If you have functions for this already it would be easy to use the following sequence in your program:

Motor[1].ProgJogPos = {your calculation}

Jog1=*

You could incorporate this into a subroutine with variables to pass the data in and out.

Posted

You may want to consider using the kinematics subroutines to convert between your magnification values and the matching motor positions.

 

The forward kinematic subroutine would convert from motor position to magnification ("axis") value. This would be used for reporting purposes. (It is also needed to compute present "axis" value when starting a motion program.

 

The inverse kinematic subroutine would convert from magnification value to motor position.

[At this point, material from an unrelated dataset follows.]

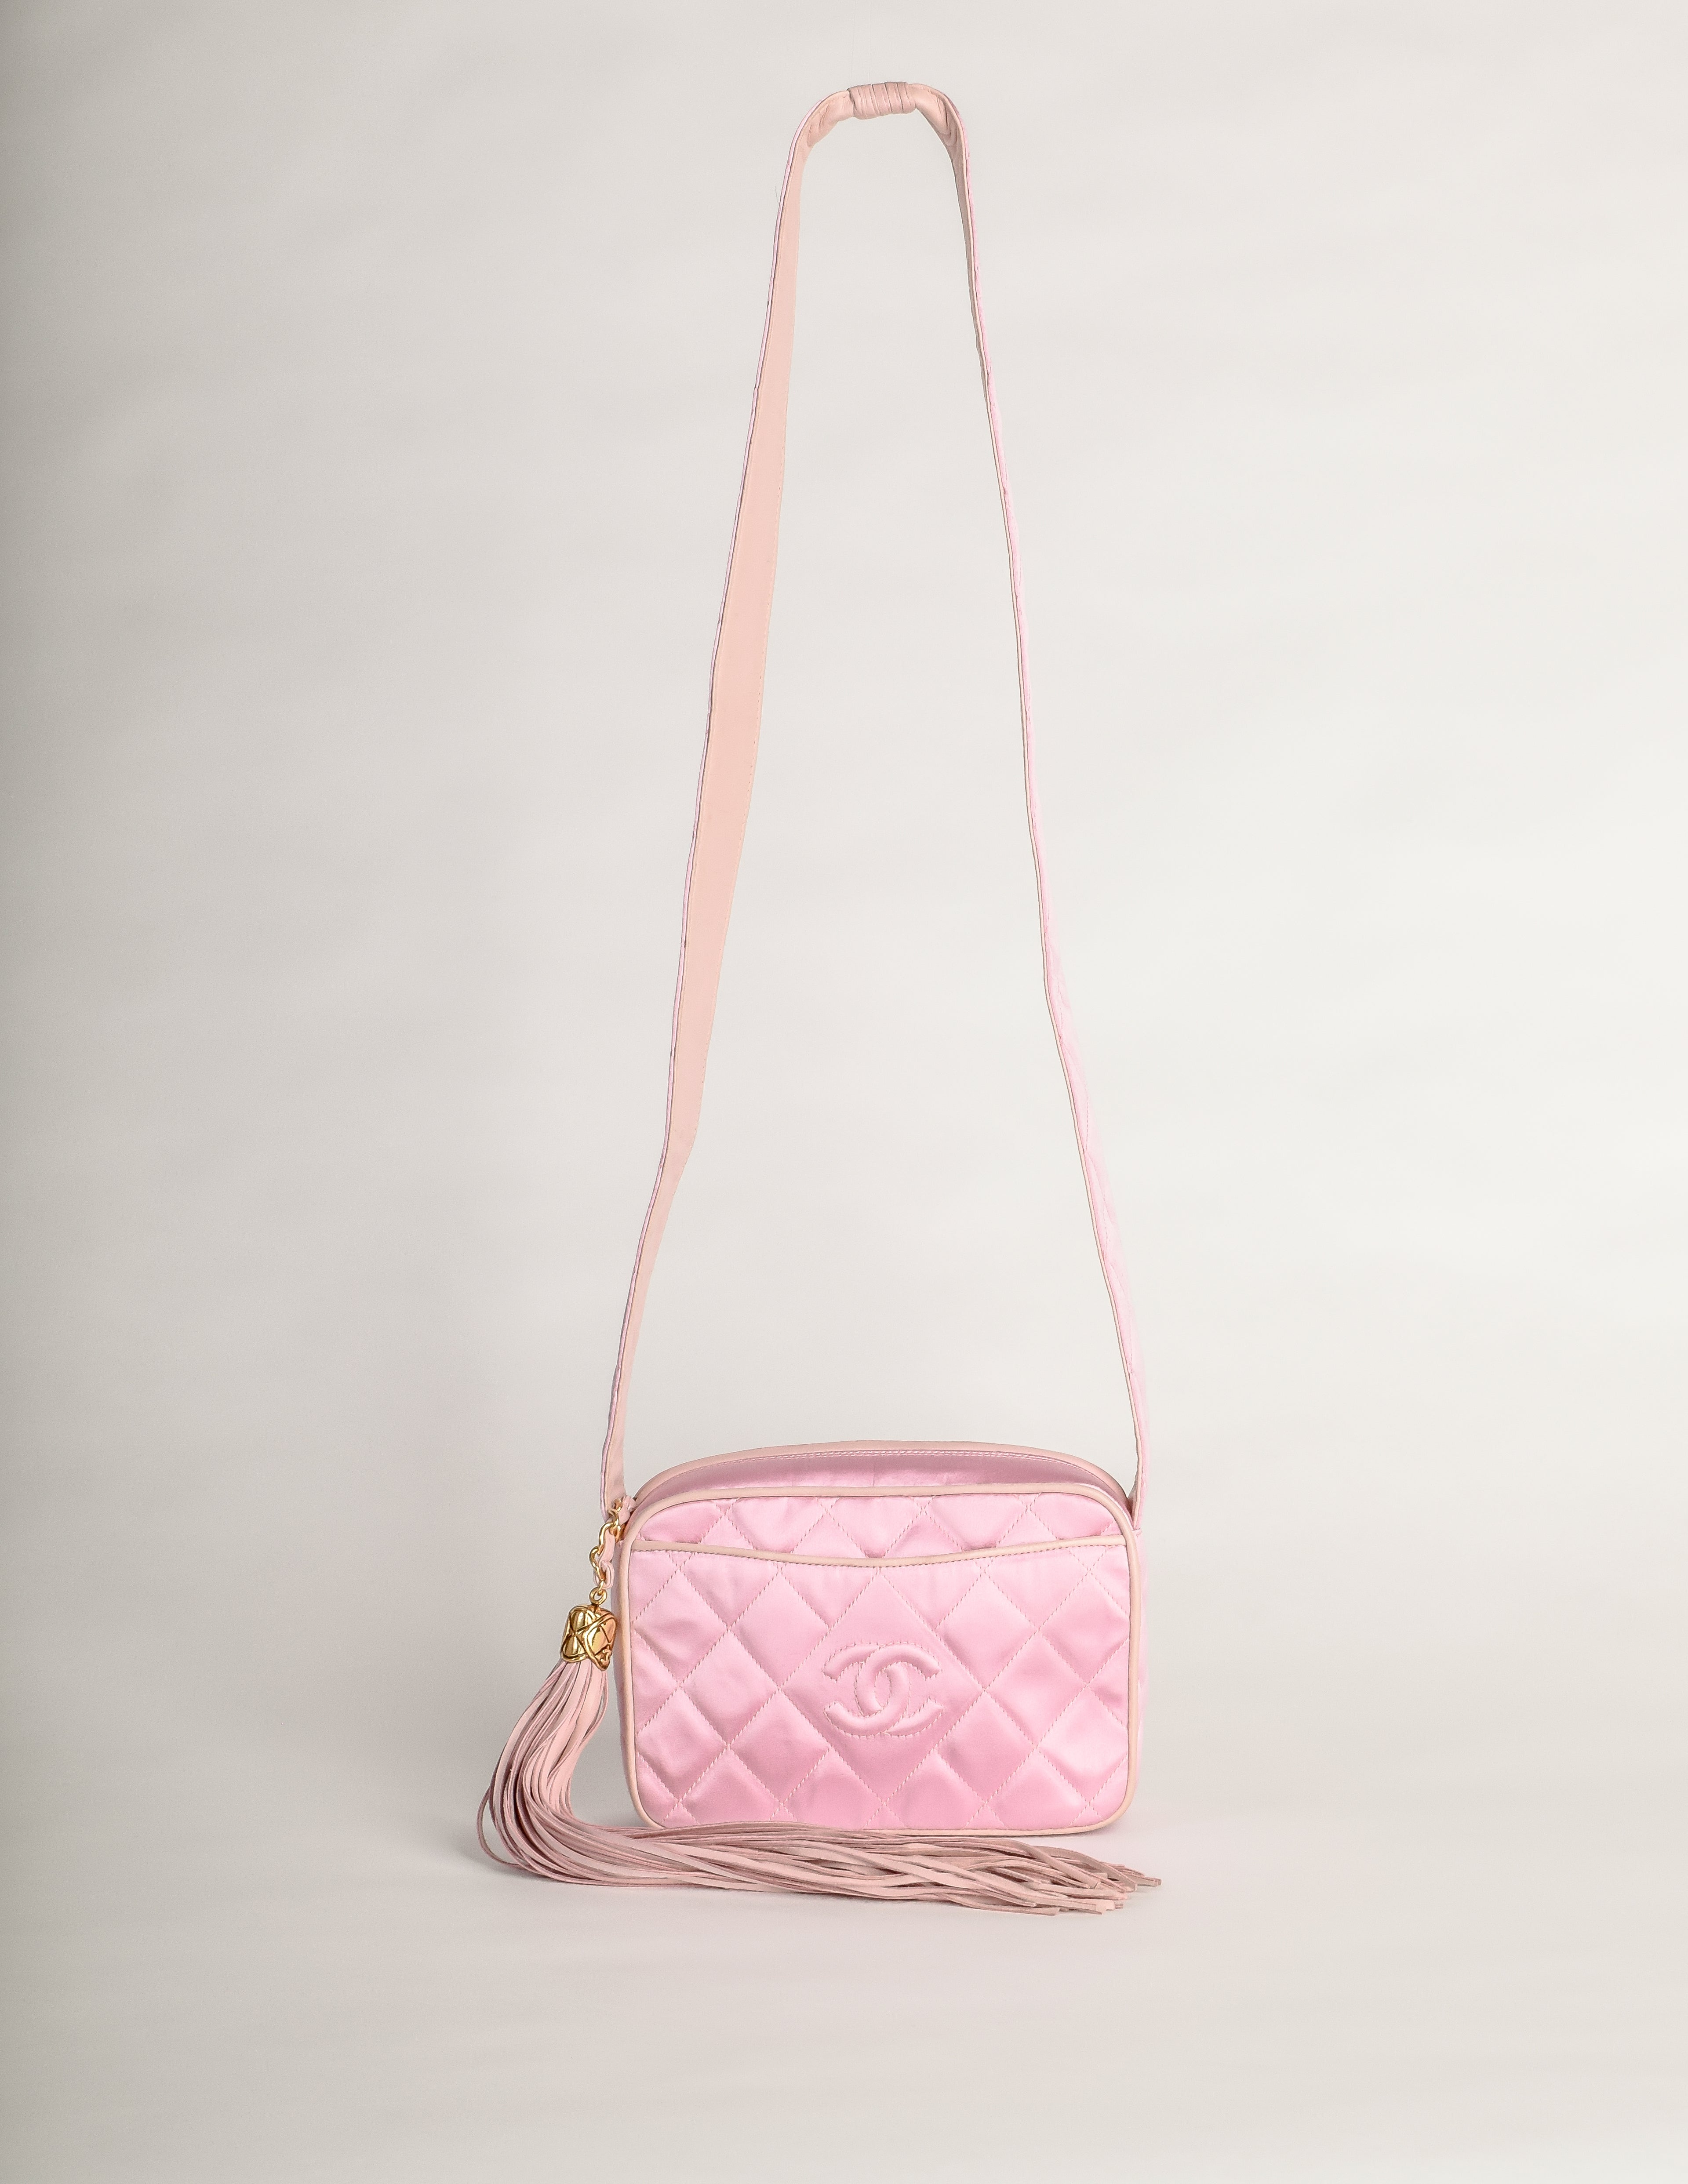 Chanel Vintage Quilted Baby Pink Satin Tassel Bag - from Amarcord ...

When you command an axis value, this is used to compute the underlying motor position.

 

The mathematical functions in these two subroutines must be exact inverses of each other, so for any position you can convert back and forth and end up with the same value.

Posted

My model functions are not exact inverses of each other and so they do not convert back and forth exactly. Going full circle, from desired magnification to motor counts and then back to indicated magnification introduces errors of up to about plus and minus 0.7% which may or may not be acceptable to my customer. The models are higher order polynomial functions and I can't invert them exactly. That's why I liked the idea of the PPMAC compensation tables and the fact that they perform an interpolation that passes through the known points. The thought of "pinning" the interpolation exactly at the 12 or so known data points is attractive. So here are several key questions.

1. If I were to use compensation tables to get from mag to motor units, is there a way to get back? IE: are compensation tables bi-directional or invertible so that I can get from an arbitrary actual motor count back to a corresponding magnification?

 

2. I think compensation tables require equidistant spacing of the data points do they not? If so, then I'm not really pinning to known points, I'd be pinning the PPMAC interpolation to equidistant points that I manually interpolated from my non equidistant data points.

 

3. Given that I probably cannot come up with mathematical functions that are exact inverses of each other, does this rule out the use of kinematic subroutines suggested above?

 

Thanks;

M Shaver

Posted

To answer your questions:

 

1. The tables have no automatic inversion function. The math to do the inversion is fairly complex for first-order interpolation; I have not even attempted it for third-order interpolation.

 

2. Yes, the tables require equally spaced points.

 

3. The problem that comes from FK and IK conversions that are not exact inverses of each other is this: At the beginning of a motion program, the FK routine is automatically called so that that starting axis position (your magnification value) is computed from the present motor position. Immediately after this, the first little programmed increment (a segment of a few milliseconds) of the commanded axis trajectory away from this starting position is converted to motor position through the IK routine.

 

If the two functions are not exact inverses of each other, there will be a jump in executing the first cubic position segment from the starting point to the first segment endpoint. If it's really bad, say due to an outright programming error in the routines, this could cause a fault. I doubt that 0.7% would cause any kind of fault, but you (and/or your customer) would have to assess whether it is tolerable or not. This could be tempered somewhat with a trajectory pre-filter acting as a low-pass.

 

I should mention that many people do an iterative solution for one of their routines, especially for the FK, so they can get it to converge very closely to the true inverse of the other function.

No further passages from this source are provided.